Islamist opponents of Egypt's military-led government are increasingly embracing militant tactics to push back against the months-long crackdown that has seen 23,000 people arrested in the past seven months.

Some are joining extremist groups calling for jihad and some are establishing armed groups of their own. Others are turning to social media to advocate a new level of violence, calling for assassinations, kidnappings and the torching of police cars, on Facebook pages that quickly draw tens of thousands of "fans" in an eery echo of the way the 2011 uprising that toppled President Hosni Mubarak began.

The pages are often deleted before police are able to home in on the creators. Hany Abdel Latif, a spokesman for the Interior Ministry, which oversees the police, said he believes the rise in such calls for violence match what has been an increase in attacks on police, which have killed 233 officers since Islamist President Mohammed Morsi was toppled from office July 3.

"It is an attempt to intimidate the police, but they are failing," he said.

The most recent attacks came Thursday, when gunmen on a motorcycle killed a police officer and injured three others in Sharqiya province, 70 miles north of Cairo. It was one of three drive-by attacks in Sharqiya, which, perhaps not coincidentally, is Morsi's home province.
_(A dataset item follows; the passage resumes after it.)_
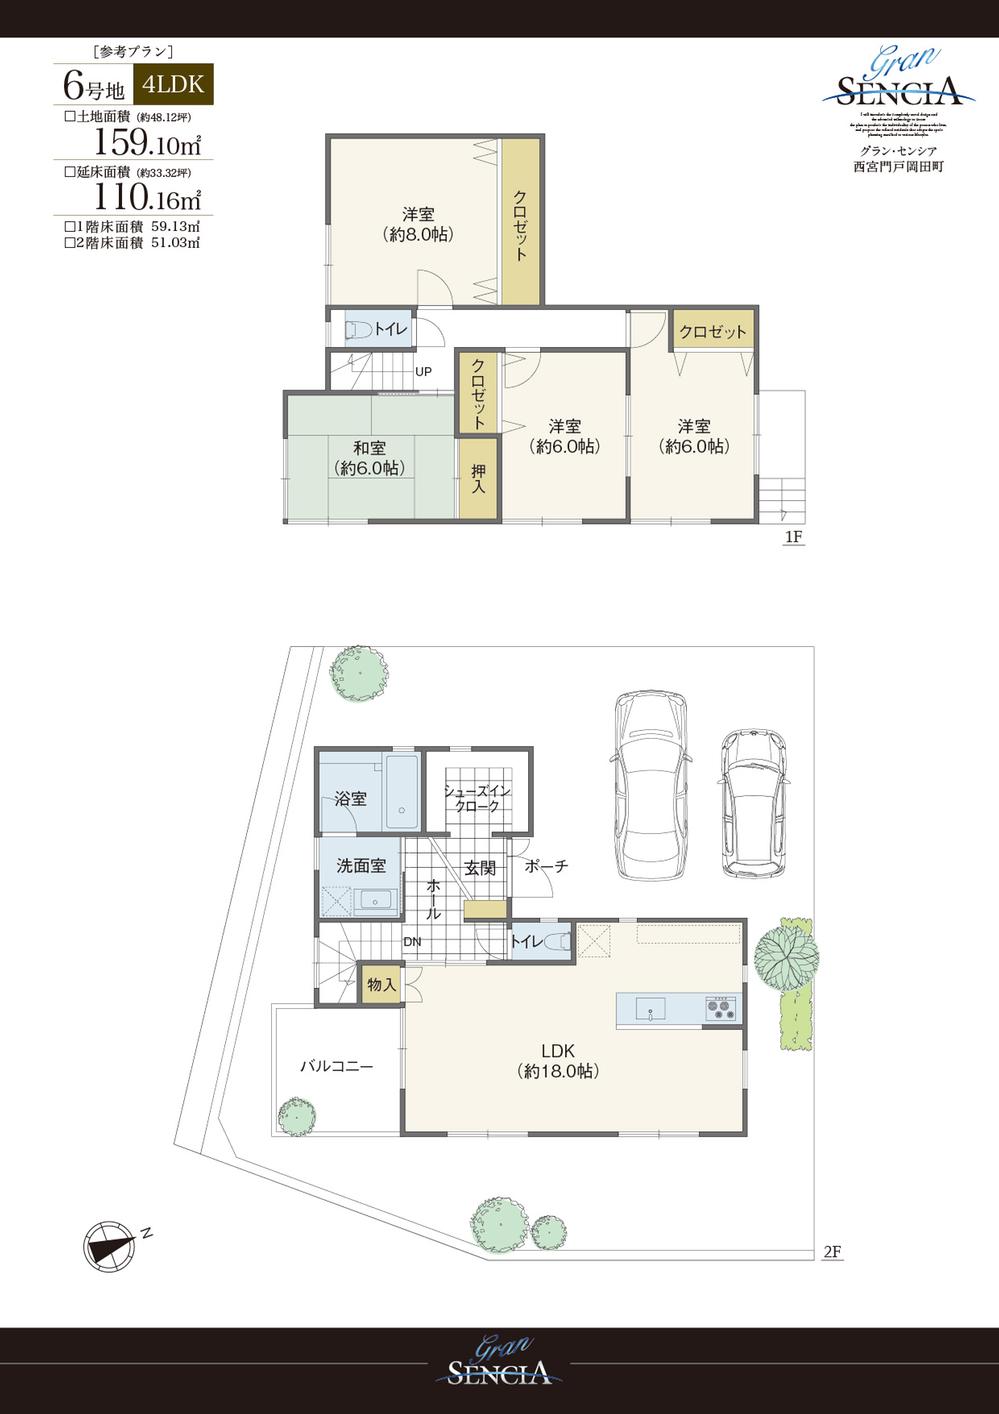 Compartment view + building plan example. Building plan example (No. 6 place reference plan) 4LDK, Land price 34,280,000 yen, Land area 159.1 sq m , Building price 20,520,000 yen, Building area 110.16 sq m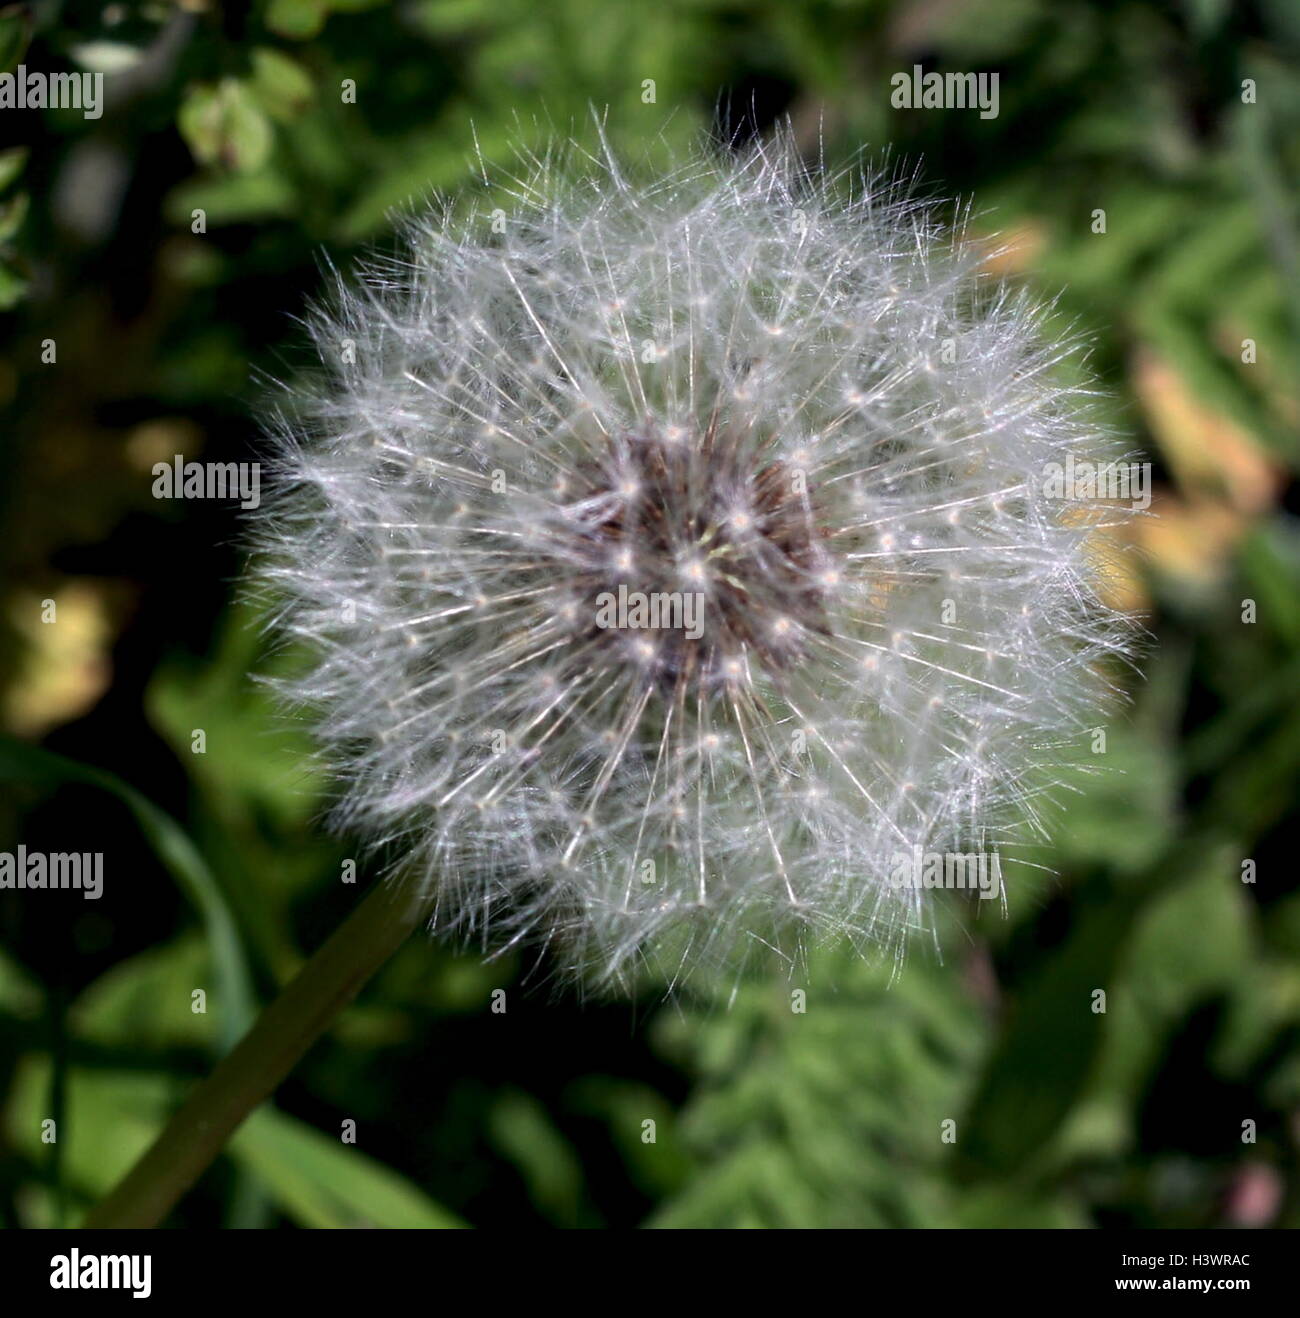 fruits (cypselae) of the Taraxacum officinale, the common dandelion, a flowering herbaceous perennial plant of the family Asteraceae (Compositae). T. officinale is considered a weed, especially in lawns and along roadsides, but it is sometimes used as a medical herb and in food preparation. Stock Photo

Some angry Morsi supporters say they believe only tit-for-tat violence will end government oppression, which includes the deaths of hundreds of peaceful protesters and thousands of detentions. Those detained say they've been beaten, made to go without food and tortured. Women arrested have told McClatchy they have been subjected to pregnancy and virginity tests.

"I believe that a big part of the oppression we are seeing now will end as soon as the Ministry of Interior collapses," said a woman in her 20s who asked to be identified only as Sarah. "The army depends on the police. The army is the nation's prestige, but the Interior Ministry is its power."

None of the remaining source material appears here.